Children's footwear brand Start-Rite has confirmed suffering a painful data breach in which it lost customer payment information.

The company confirmed the breach in a message to affected customers, The Register revealed, however, not all details about the breach are known at this time, so we don’t know who the attackers were, how many people were affected, or how the breach occurred.
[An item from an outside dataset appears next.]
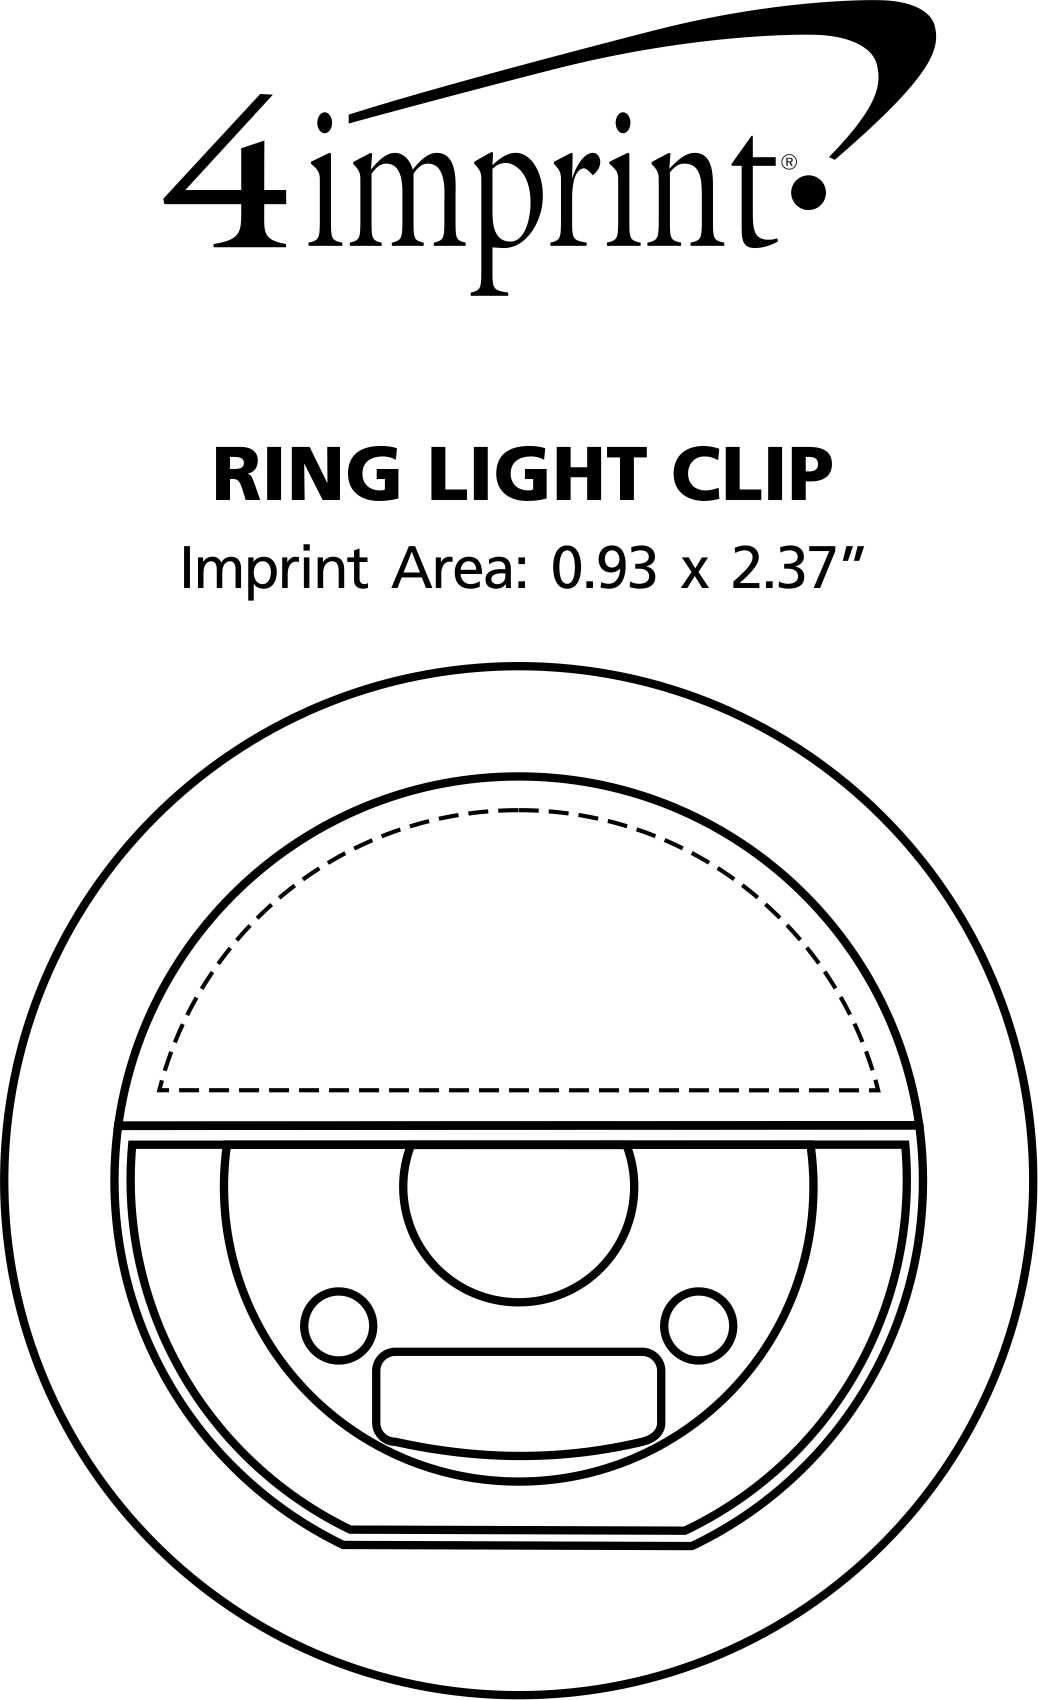 Imprint Area of Ring Light Clip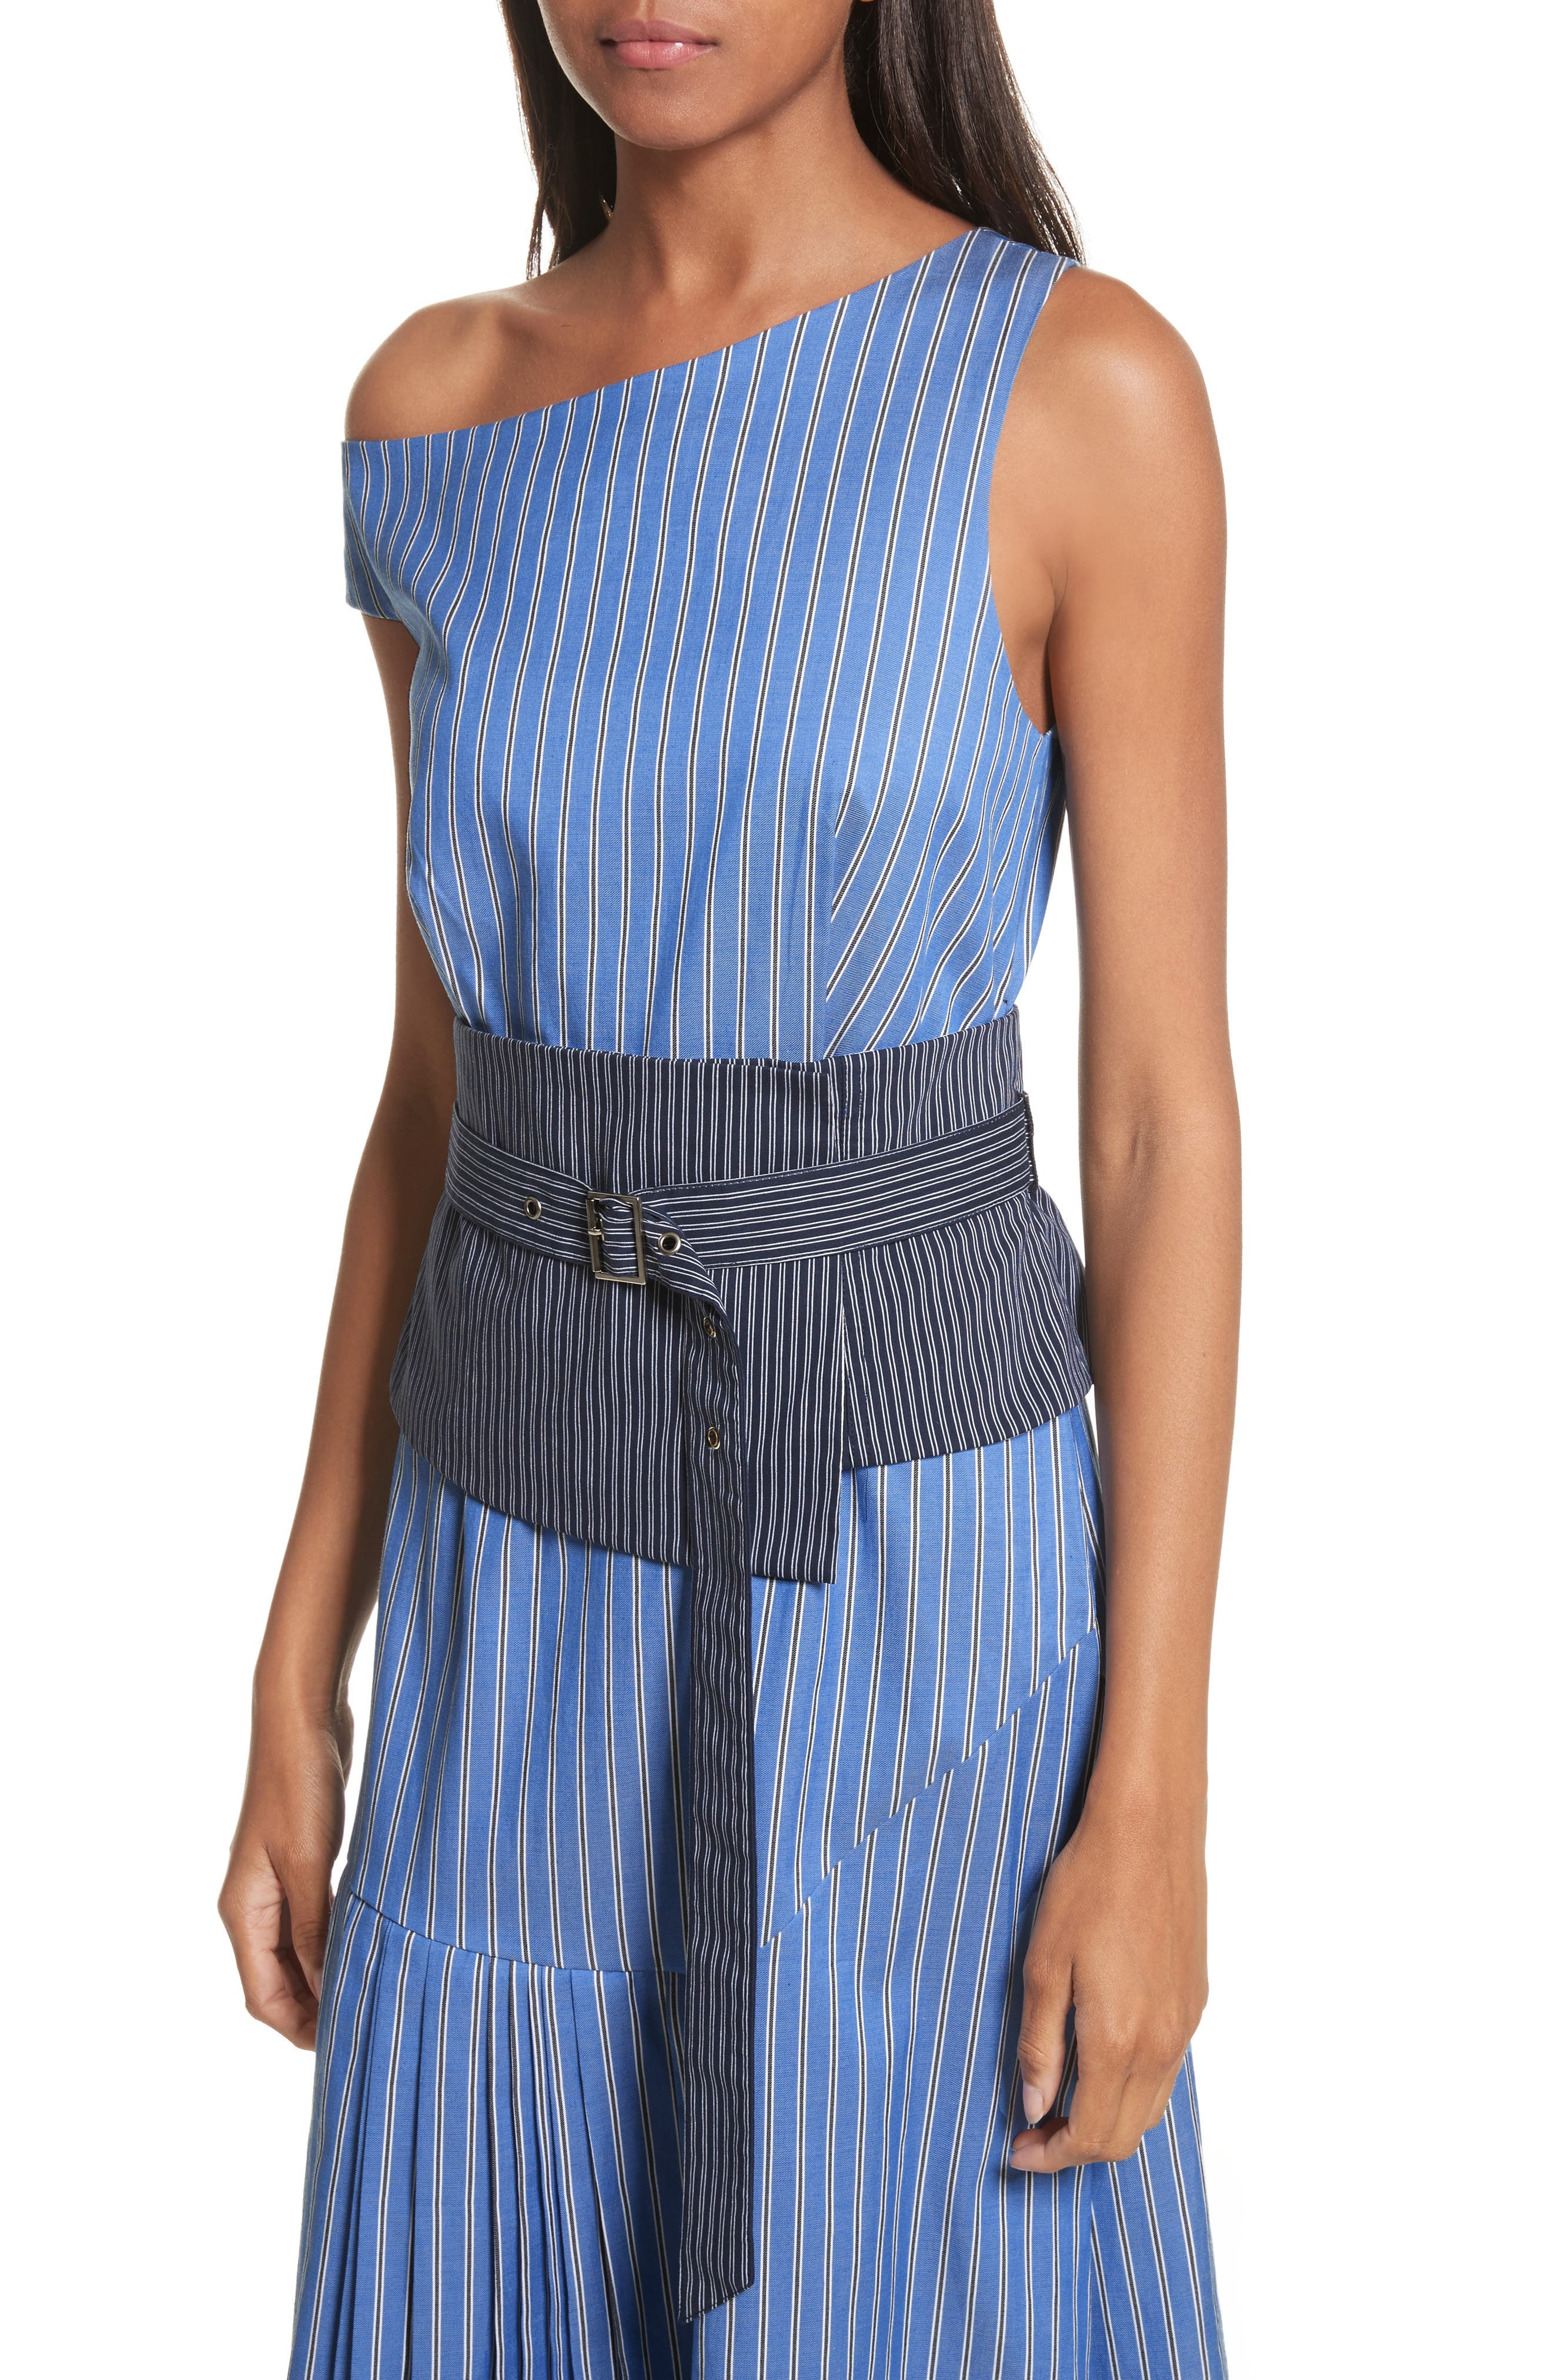 Belted Asymmetrical Midi Dress,                             Alternate thumbnail 4, color,                             402

What we do know is that the incident happened between October 14 and November 7, as Start-Rite told customers in its data breach notification email. The information stolen includes full names - as seen on credit and debit cards - postal addresses to which the cards are registered, card numbers, expiry dates, and the CVV numbers. In other words - whoever took this information has everything they need to make online card purchases, commit wire fraud, identity theft, and more.

NHS and friends

"On 11 November, Start-Rite Shoes became aware that it had suffered a security incident via a third-party application code on www.startriteshoes.com," the company told The Register. "The breach potentially provided access to customer bank card information. The website is now secure and the malicious code and third-party app have been removed."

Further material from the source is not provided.